Konuyla ilgili alan araştırmalarıyla da tanınan Yrd. Doç. Dr Ali Yaman, daha çok Hacı Bektaş Dergâhı’yla ilişkileri bakımından Alevi-Bektaşi geleneğine mensup ve Ocak organizasyonu[10] içerisinde değerlendirilebilecek, dinsel önderleri dört ayrı kategoride toplamaktadır:

 

  1. Bağımsız ocakzade dedeler: Daha çok Orta ve Doğu Anadolu bölgelerinde bulunan Ocakzade dedeler Hünkâr Hacı Bektaş Veli’yi pir ve serçeşme kabul etmekle birlikte, Hacı Bektaş’ın postunda oturan ve onu temsil ettiğine inanılan Çelebilerden icazetname (hüccet veya izin) almaksızın taliplerinin hizmetlerini görürlerdi. (Örneğin) Baba Mansur, Üryan Hızır, Hıdır Abdal, Ağuiçen, Pir Sultan gibi yerel ocak önderlerinin ağırlıkları daha fazlaydı.

  1. Hacı Bektaş Çelebilerine bağlı dedeler/babalar/ vekiller: İkinci grup dedeler ise belli aralıklarla -genellikle yılda bir- Hacı Bektaş Veli postunda oturan Çelebilerden onay almak ve dergaha parasal veya ayni bir ödemede bulunmak suretiyle dedelik/babalık hizmetlerini yerine getirebilirlerdi. Bu hizmet de genellikle babadan oğula geçmekle birlikte, Ocakzade dedelerde olduğu gibi Evlad-ı Resul olmak[11] koşulu aranmıyordu. Özellikle Orta Anadolu bölgesi’nde Amasya, Tokat, Yozgat, Çorum gibi illerde bu tip dede aileleri bulunmaktadır.
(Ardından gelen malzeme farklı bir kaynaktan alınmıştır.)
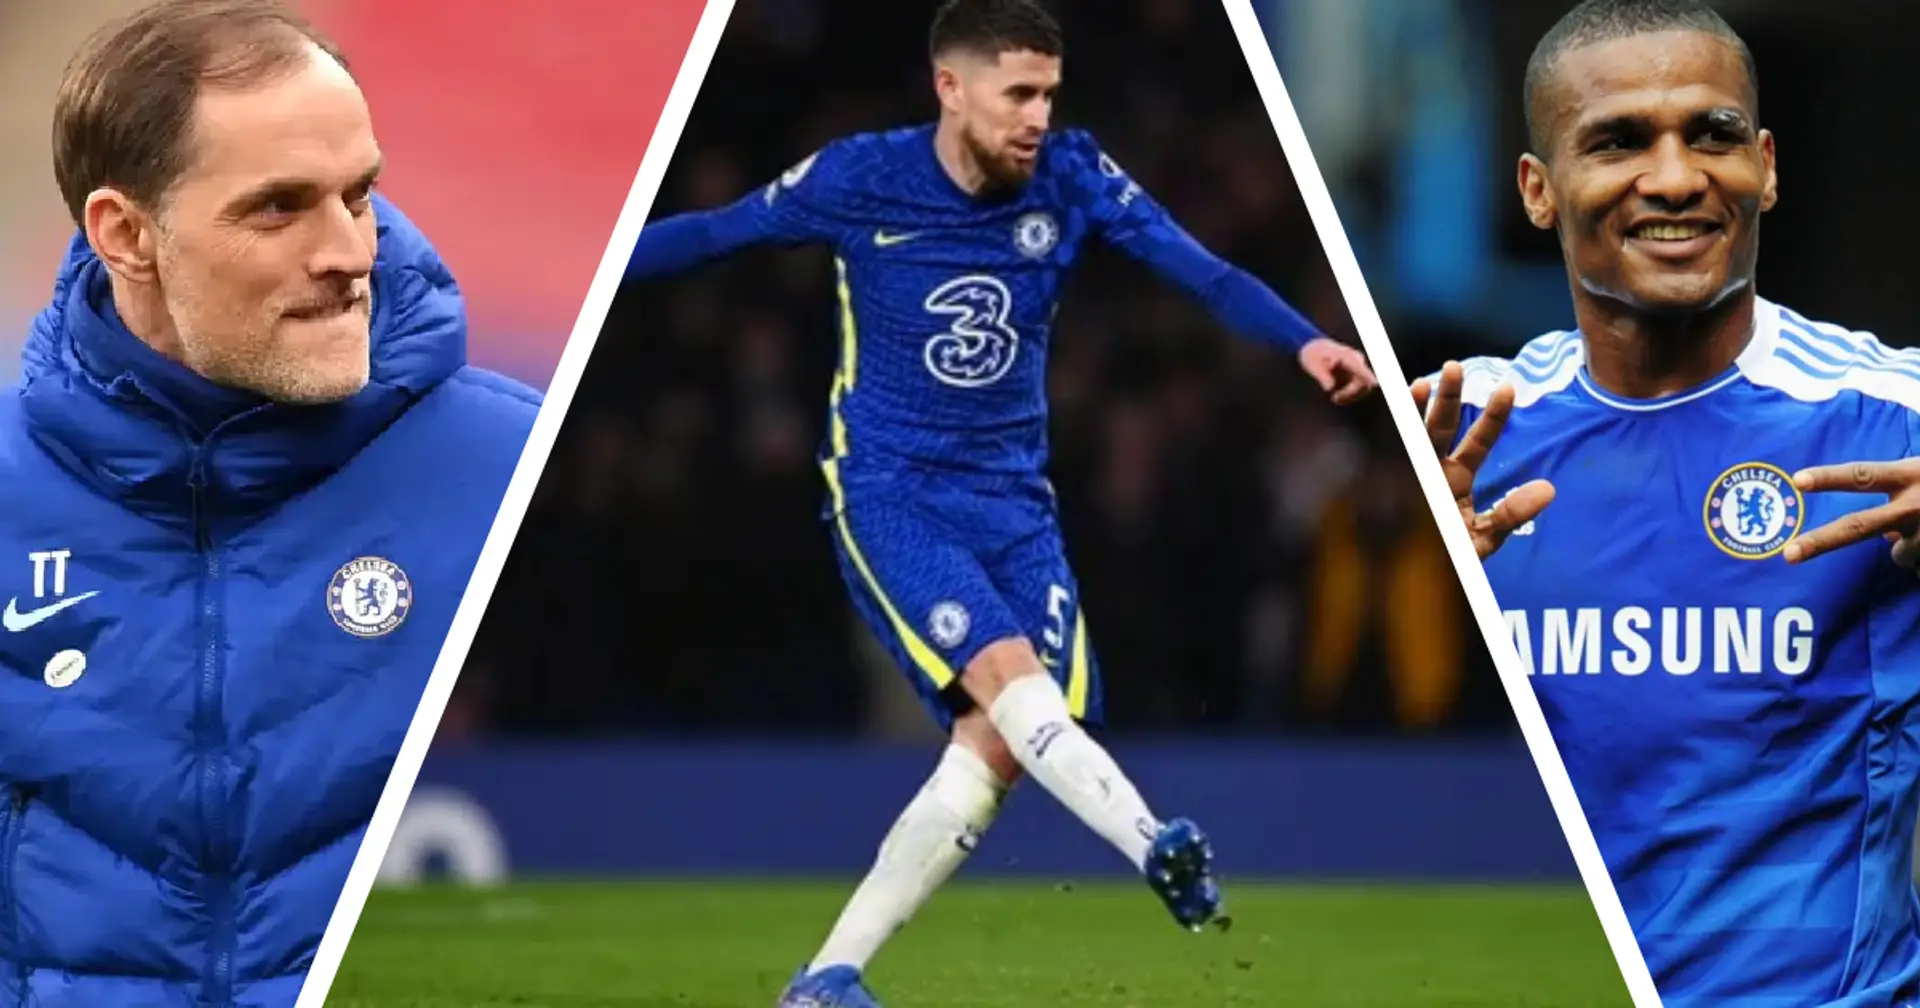 Clutch as can be: Jorginho winner Chelsea's first since 2009 in one specific category
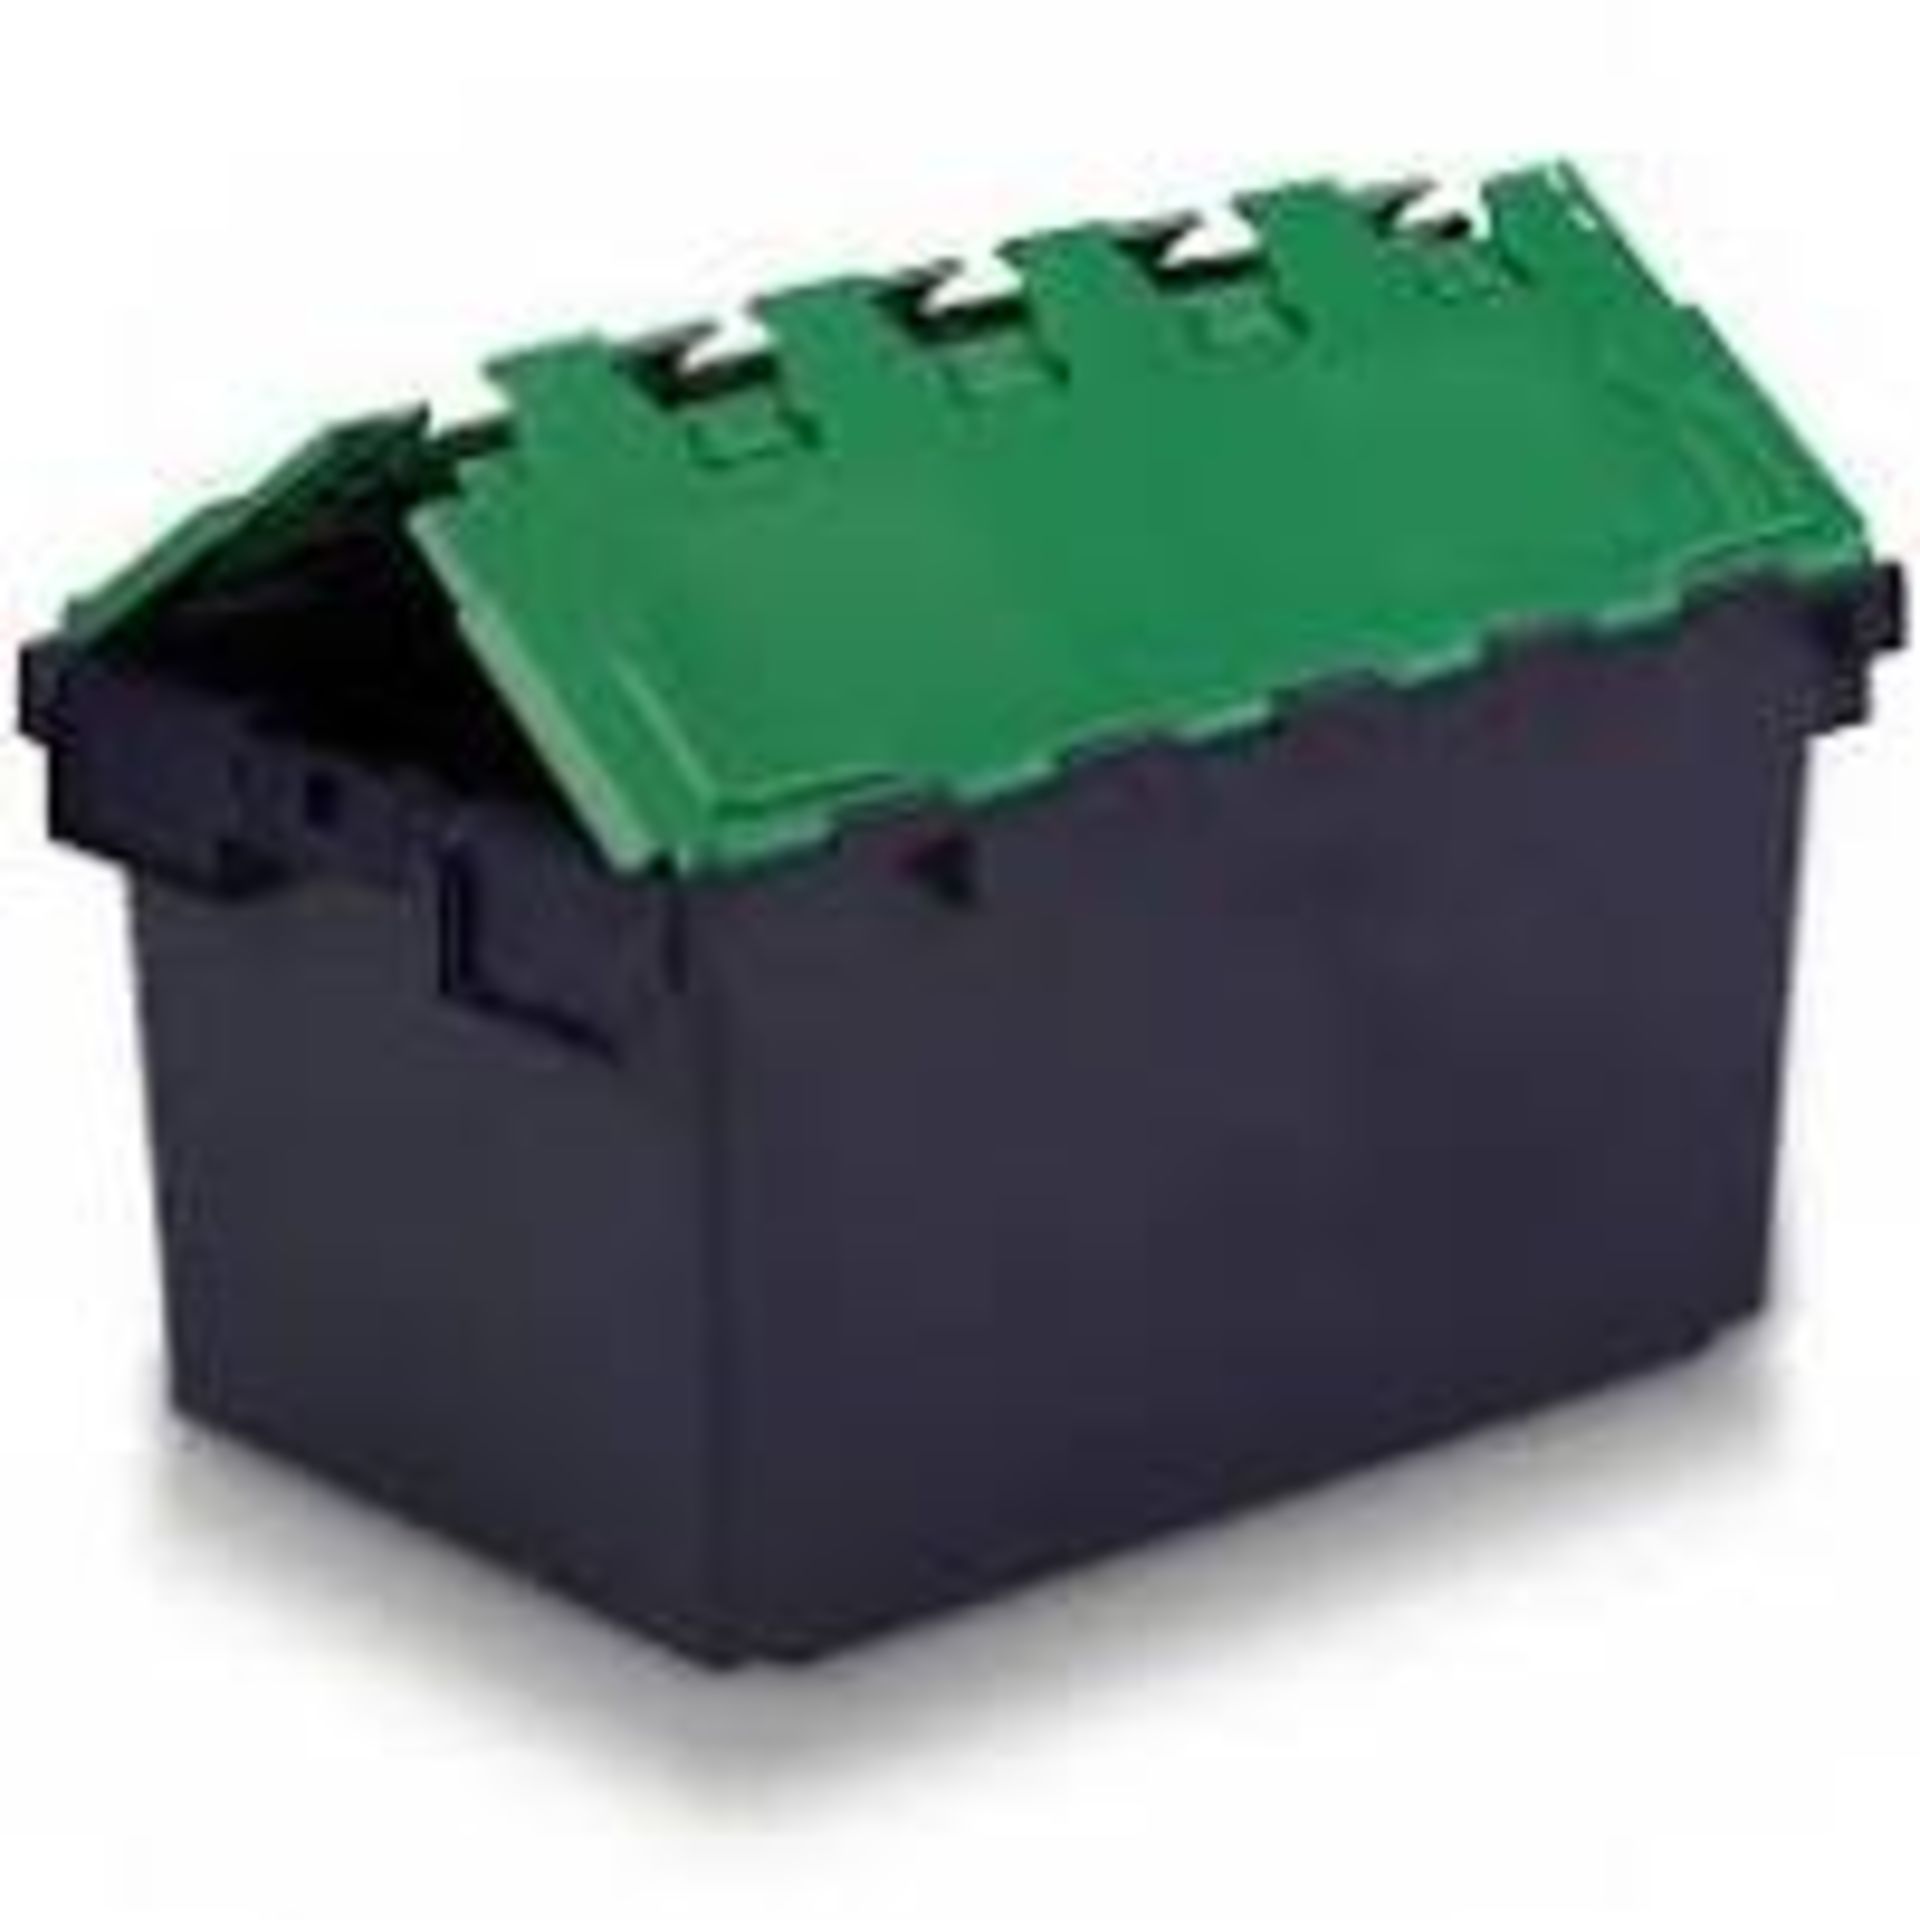 (REF2056166) Pallet of Customer Returns - Retail value at new £817.26. To include: FLIP LID BOX - Image 5 of 7

  2. Ocakzade dedelerce görevlendirilen dikme dedeler/babalar/sofular: Dikme dedeler/babalar/sofular ise Ocakzade dedelerce görevlendirilirler ve tanınmış bir ocağa mensup değillerdir, ancak ocakzade dedenin yokluğunda taliplerin hizmetlerini görürler. Uzakta bulunan taliplerini sık sık ziyaret edemeyen dedeler taliplerin dedelik hizmetleri yokluğunda da sürsün diye bu çözümü bulmuşlardır.

  1. Diğer Dedeler/Babalar (Dedebaba geleneği dışında bulunan dinsel önderler): Daha çok Batı Anadolu, Trakya ve Balkanlar’da bulunan Alevi-Bektaşi grupların bağlı olduğu Kızıl Deli, Amucalı, Bedreddini ve Babai Bektaşi babaları bu grup içinde değerlendirilebilir. Bunların bazı Bedreddini kolları gibi Dedebaba geleneğine bağlanmış olanları da mevcuttur.[12] 

Bu grupların dışında Şii(gibi)leşmiş sayılabilecek küçük gruplar da vardır. 

 

  • Şiilik Yanlısı Aleviler: Bunlar, Anadolu Alevileri arasında taban bulamayan Çorum, İstanbul, İzmir gibi kentlerde sınırlı taraftar sağlamış bir anlayışı temsil ederler. Abdülbâkî Gölpınarlı, kimi Alevi yazarlar tarafından Alevileri Şiileştirmek isteyenler arasında sayılmaktadır. Bunlar arasında Ehl-i Beyt Vakfı, Genç Erenler Hareketi, Ehl-i Beyt Camisi Hareketi sayılabilir.

  • Ehl-i Beyt Vakfı (1994): Aleviliği İslâmın özü olarak tanımlamaktadır. Ehl-i Beyt Vakfı, İran Şiiliği/Şiileri ile yakın ilişki içindedir. Lideri Fermani Altun’dur.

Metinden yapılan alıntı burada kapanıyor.